Save America’s Wildlife

Digger bees are digging a new law in New York

In a move that will help all bees, Gov. Hochul signs Birds and Bees Protection Act to restrict bee-killing pesticides coated onto seeds.

Save the bees

Tom Koerner/USFWS | Public Domain
A digger bee at a national wildlife refuge.

Digger bees are the most common bee in New York. They nest in the ground and spend their days above the dirt, flitting from flower to flower. Like all other bees in the Empire State, they recently got some good news. Thanks to the signature of Gov. Hochul on the Birds and Bees Protection Act, New York has a new law that restricts bee-killing pesticides that are coated onto seeds. 

Bees are dying. Honey bees. Wild bees. Consider the American bumble bee, which has seen its population fall by 90% and has gone missing in multiple states. 
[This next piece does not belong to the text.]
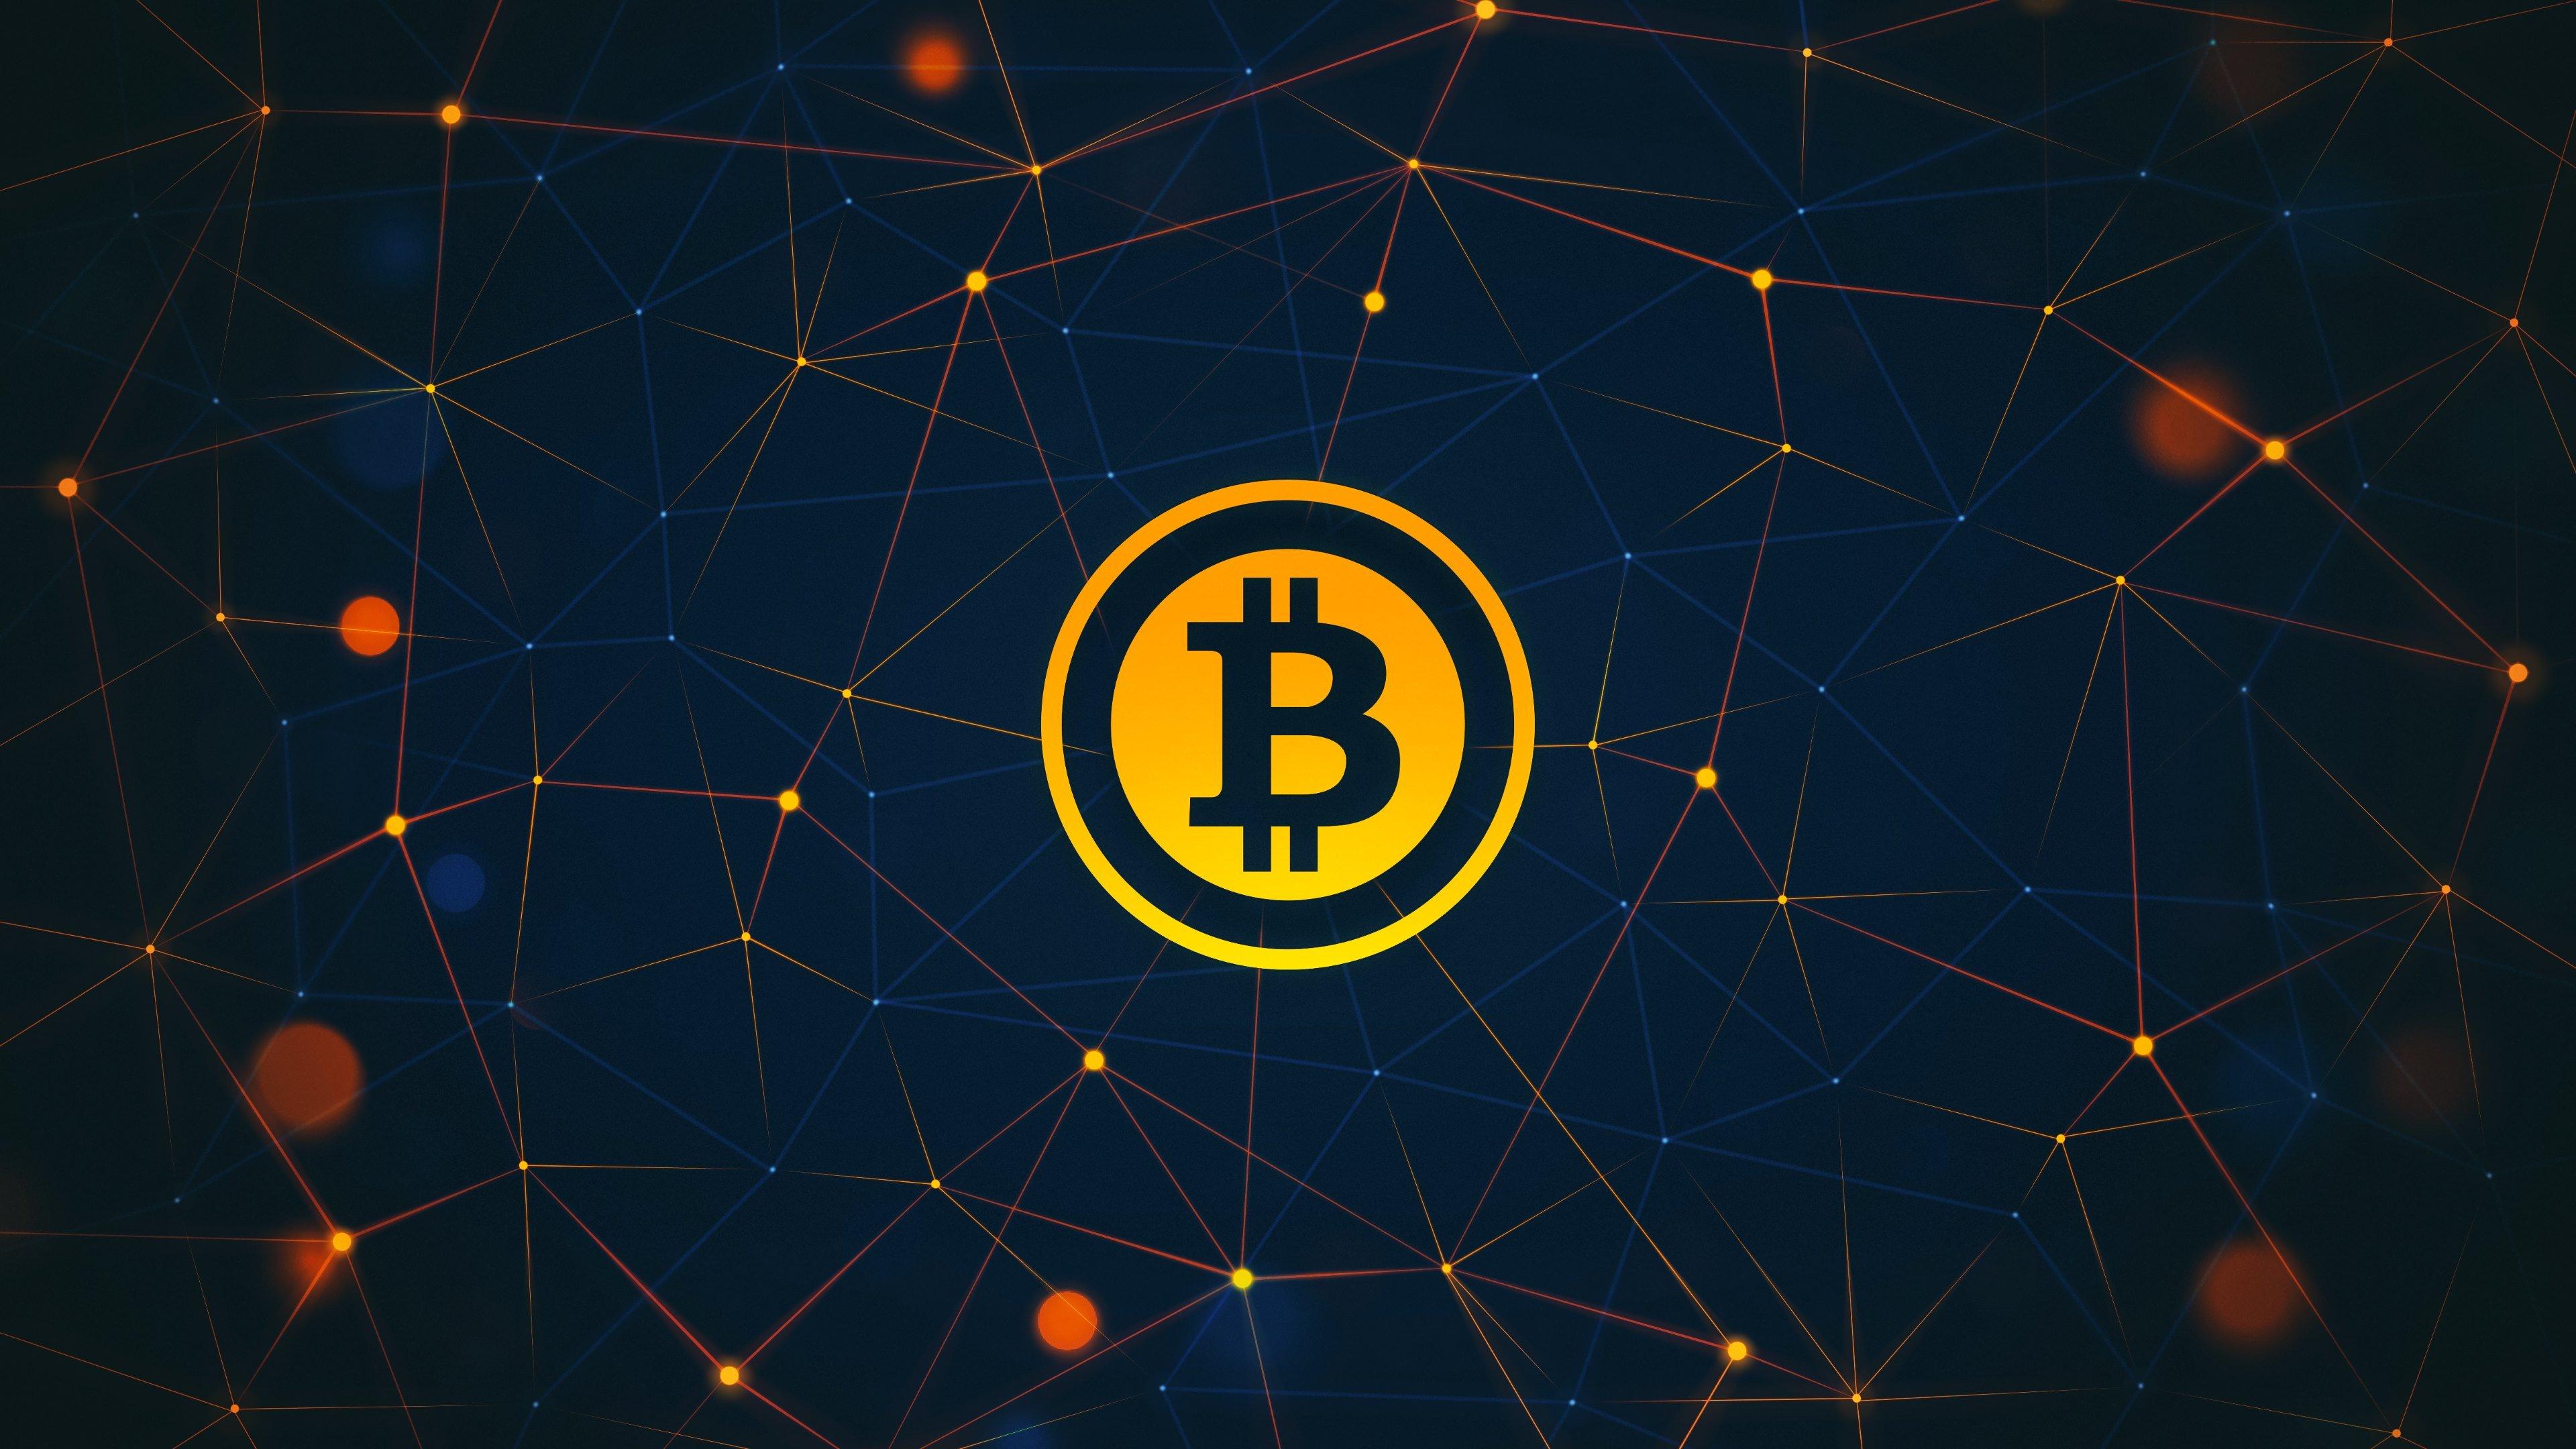 Abstract Bitcoin Widescreen Wallpaper 62344 3840x2160px 3840x2160

A changing climate, habitat loss, and bee-killing pesticides are the culprits, which is why a new law in New York has gardeners, nature-lovers and bee-enthusiasts buzzing. 

The Birds and Bees Protection Act, signed by Gov. Hochul on Dec. 22, restricts the practice of coating seeds with a class of bee-killing pesticides called neonicotinoids, or “neonics” for short. NRDC finds that the law will eliminate 80-90% of the neonics entering the environment in New York. 

The practice of coating seeds with bee-killing pesticides has been a thorny one to tackle. At the federal level, the EPA has said that pesticide coatings aren’t considered pesticides – a loophole if ever there was one. And this basic rubric has been passed down to the states. 

The New York law gets to the heart of the issue, recognizing that these pesticide coatings are a serious problem and restricting them. 

We offer a big congrats to the bill’s primary sponsors, Senator Brad Hoylman-Sigal and Assemblymember Deborah Glick, and a big thank you to Governor Hochul. 

The Empire State is now more bee-friendly. Moreover, New York has provided other states with another roadmap for protecting bees.